PROBLEM DESCRIPTION:
Repeat only the lines below that run from the line with "13_Stadium copy.jpg" to the line with "2 кнопки корпус", ends included; skip every picture.

RECORD EXCERPTS:
☆ ☆ ☆ ☆ ☆

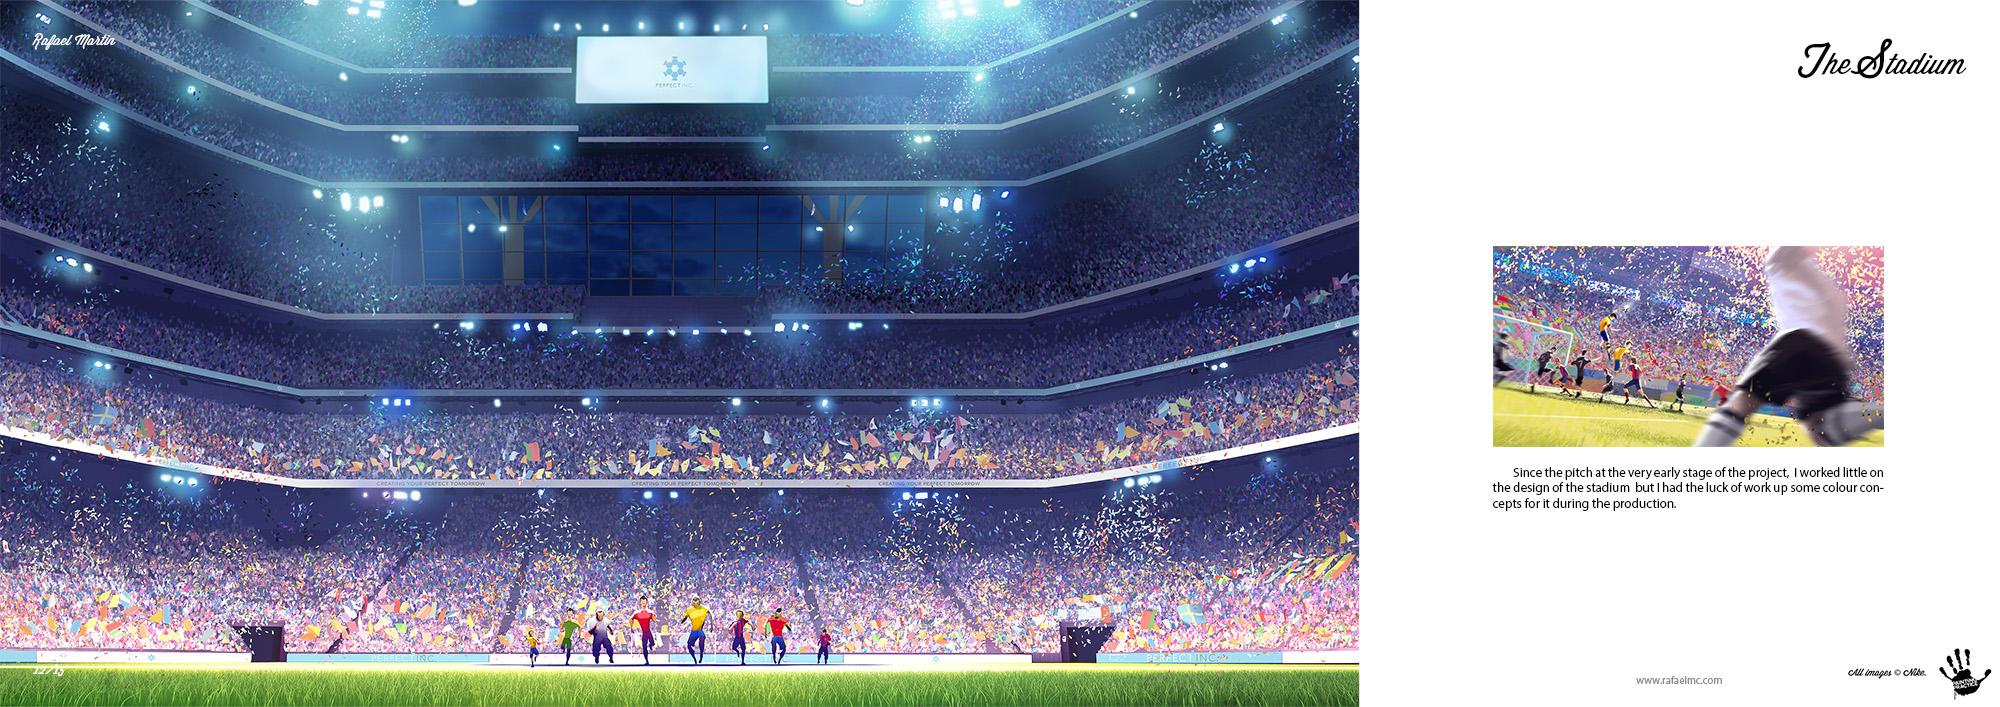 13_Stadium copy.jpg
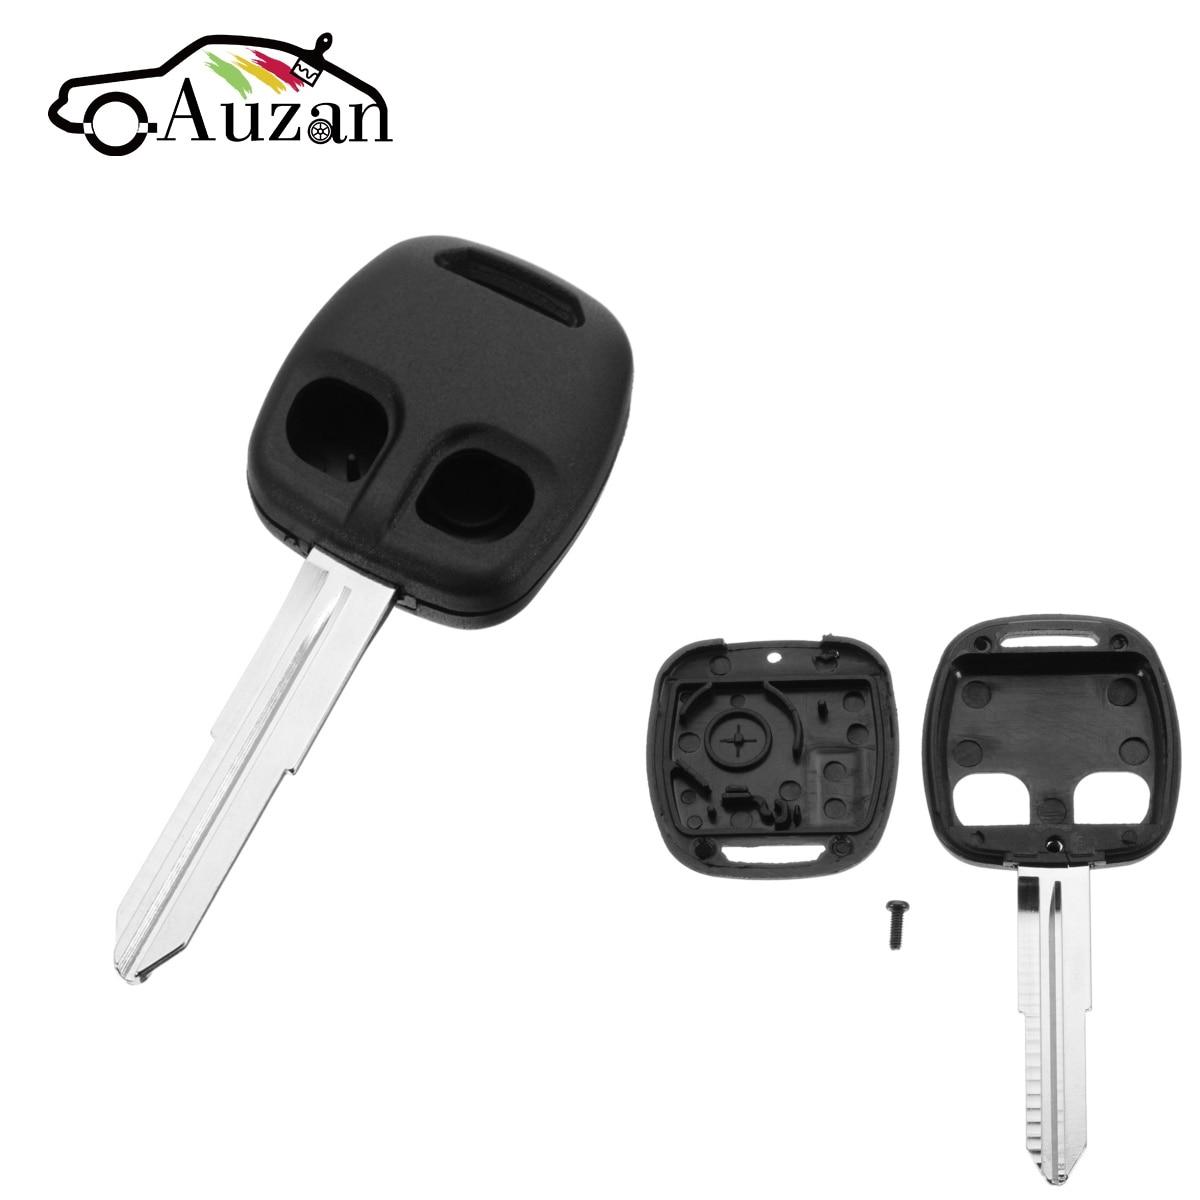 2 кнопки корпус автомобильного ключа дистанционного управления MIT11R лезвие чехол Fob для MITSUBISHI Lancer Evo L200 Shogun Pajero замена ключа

☆ ☆ ☆ ☆ ☆

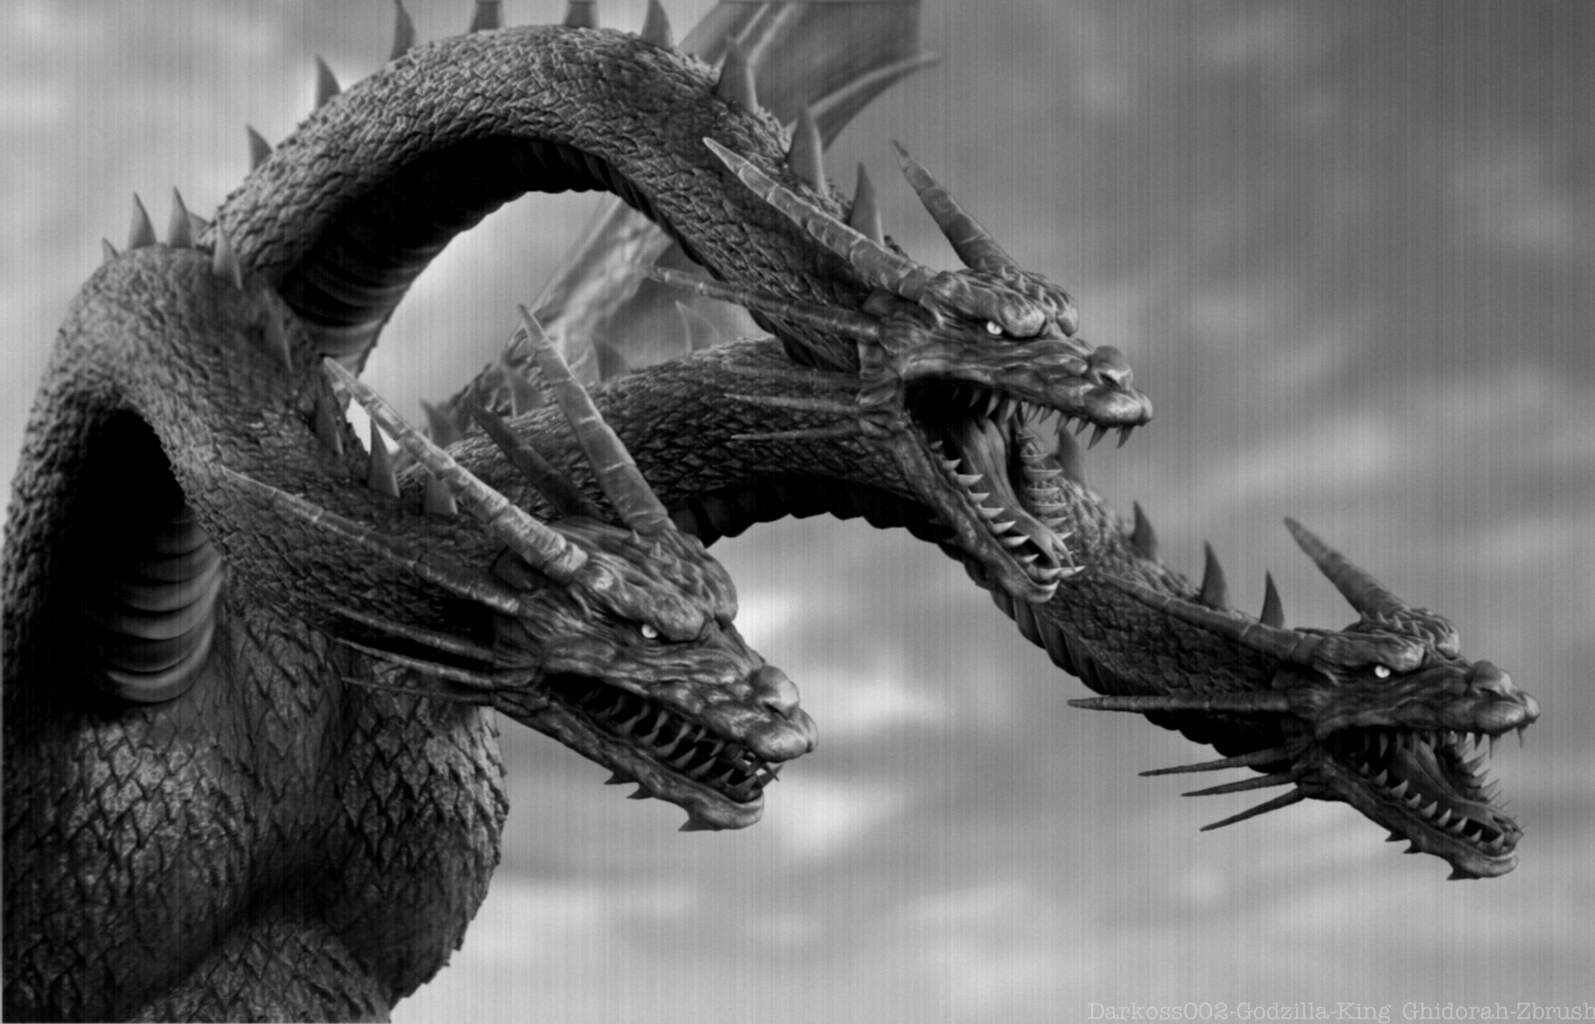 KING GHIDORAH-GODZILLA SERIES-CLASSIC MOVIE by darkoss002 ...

☆ ☆ ☆ ☆ ☆

RESPONSE TO THIS EXERCISE:
 13_Stadium copy.jpg
 2 кнопки корпус автомобильного ключа дистанционного управления MIT11R лезвие чехол Fob для MITSUBISHI Lancer Evo L200 Shogun Pajero замена ключа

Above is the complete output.